The underlying assumption here is that C is a 'bare metal' language, and
implements high level operations that map well to the machine language
facilities.
As a result, you should not expect any commonality in behaviour between
different ISA if there isn't commonality between their respective natural
binary operations.

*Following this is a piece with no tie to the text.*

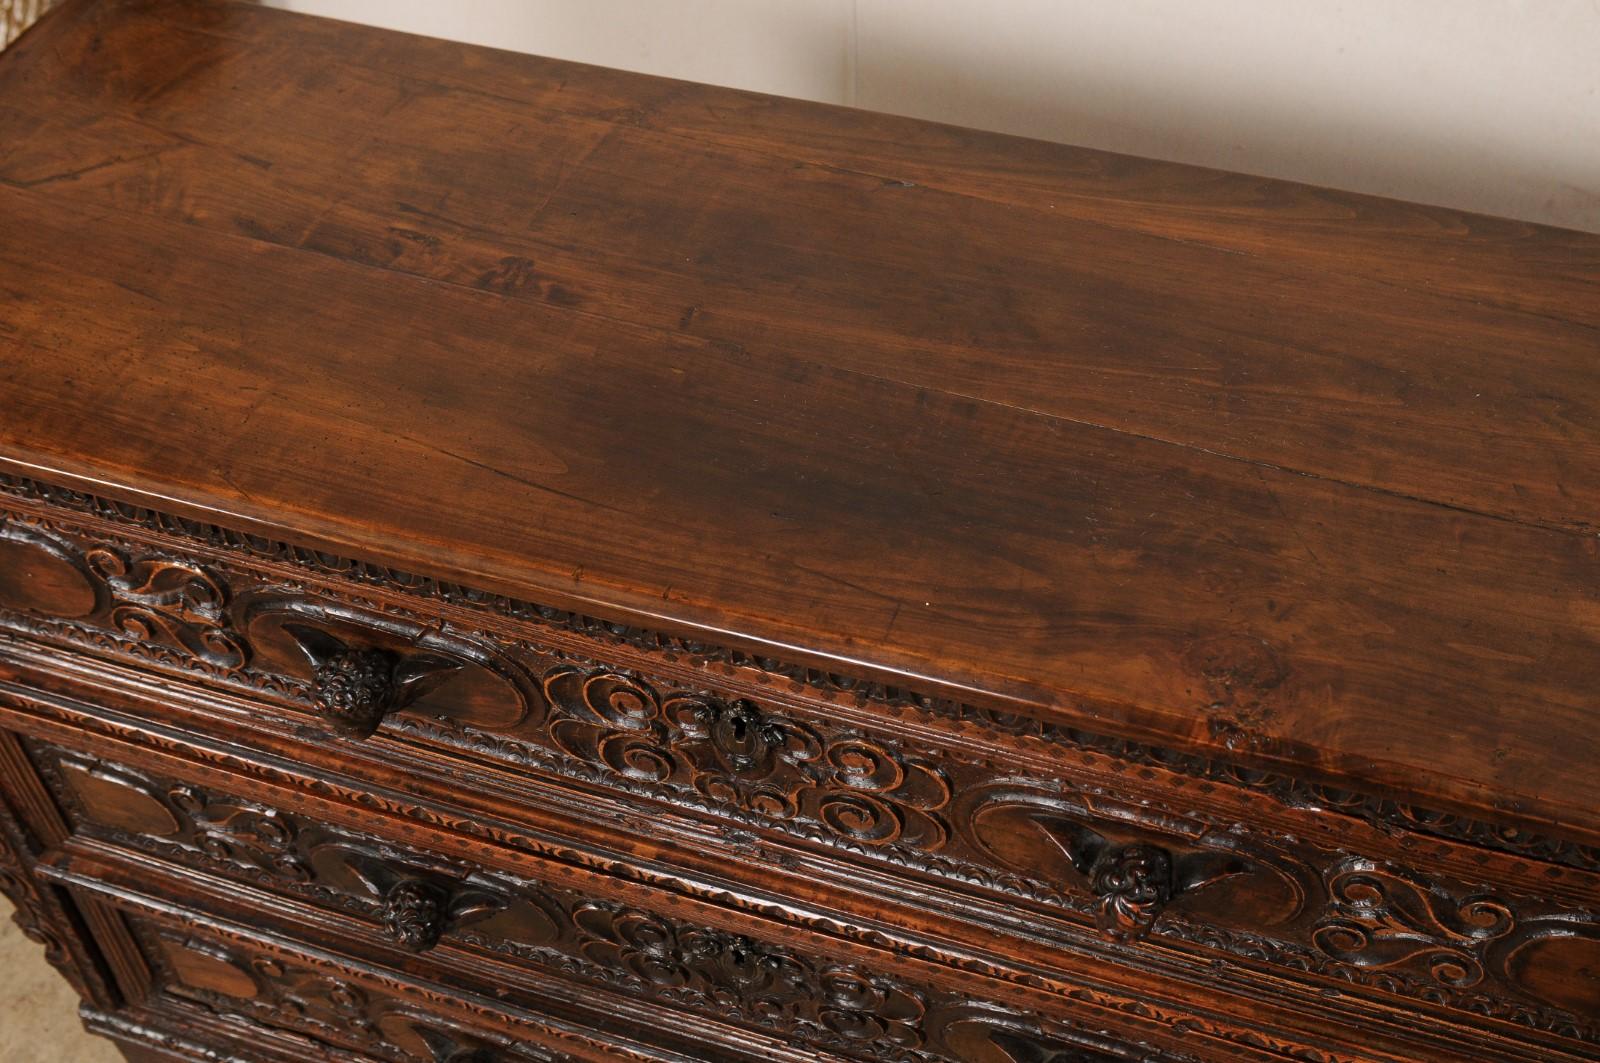 Early 18th C Italian Elaborately-Embellished Commode w/Putti Carved Drawer Pulls For Sale 1

If the overall fastest generated code for a
standard-defined case is to mask out the shift count, it would be against
the spirit of C to do anything else.
This reminds me of the section of GCC manual that said something like
'because the behaviour in this case is undefined and left to the
implementer, our choice is to launch a game of life'.
On Sun, Apr 21, 2013 at 3:35 PM, Paul Sokolovsky <pmis...@gmail.com> wrote:
> Hello,
>
> It's a known fact that shifting by more or equal bits as an integer
> type contains is undefined behavior per C standard,
>
> http://stackoverflow.com/questions/7214263/unexpected-behavior-of-bitwise-shifting-using-gcc
> has relevant quotes and references.
>
> It's less known the rules of dealing with "undefined" values for
> compiler writers, in this respect I find LLVM's description insightful:
> http://llvm.org/docs/LangRef.html#undefined-values . Summing up, it
> says that result of most of the expressions involving undefined value
> is also undefined.
>
> Finally, it's known why C standard has it like that: because rules
> various CPUs use for such shifts at *runtime* vary, so *runtime* code
> should not rely on them. C also doesn't define separation between
> compile-time and run-time evaluation strictly, so for it any shift by
> too many bits is undefined.
>
> It's all nice and good. But there's difference between "undefined",
> "any value" and "weird". Because "too many bits" shifts may be
> undefined in C standard, but shifts by arbitrary number of bits are
> very well defined in arithmetic - and by very definition of (unsigned)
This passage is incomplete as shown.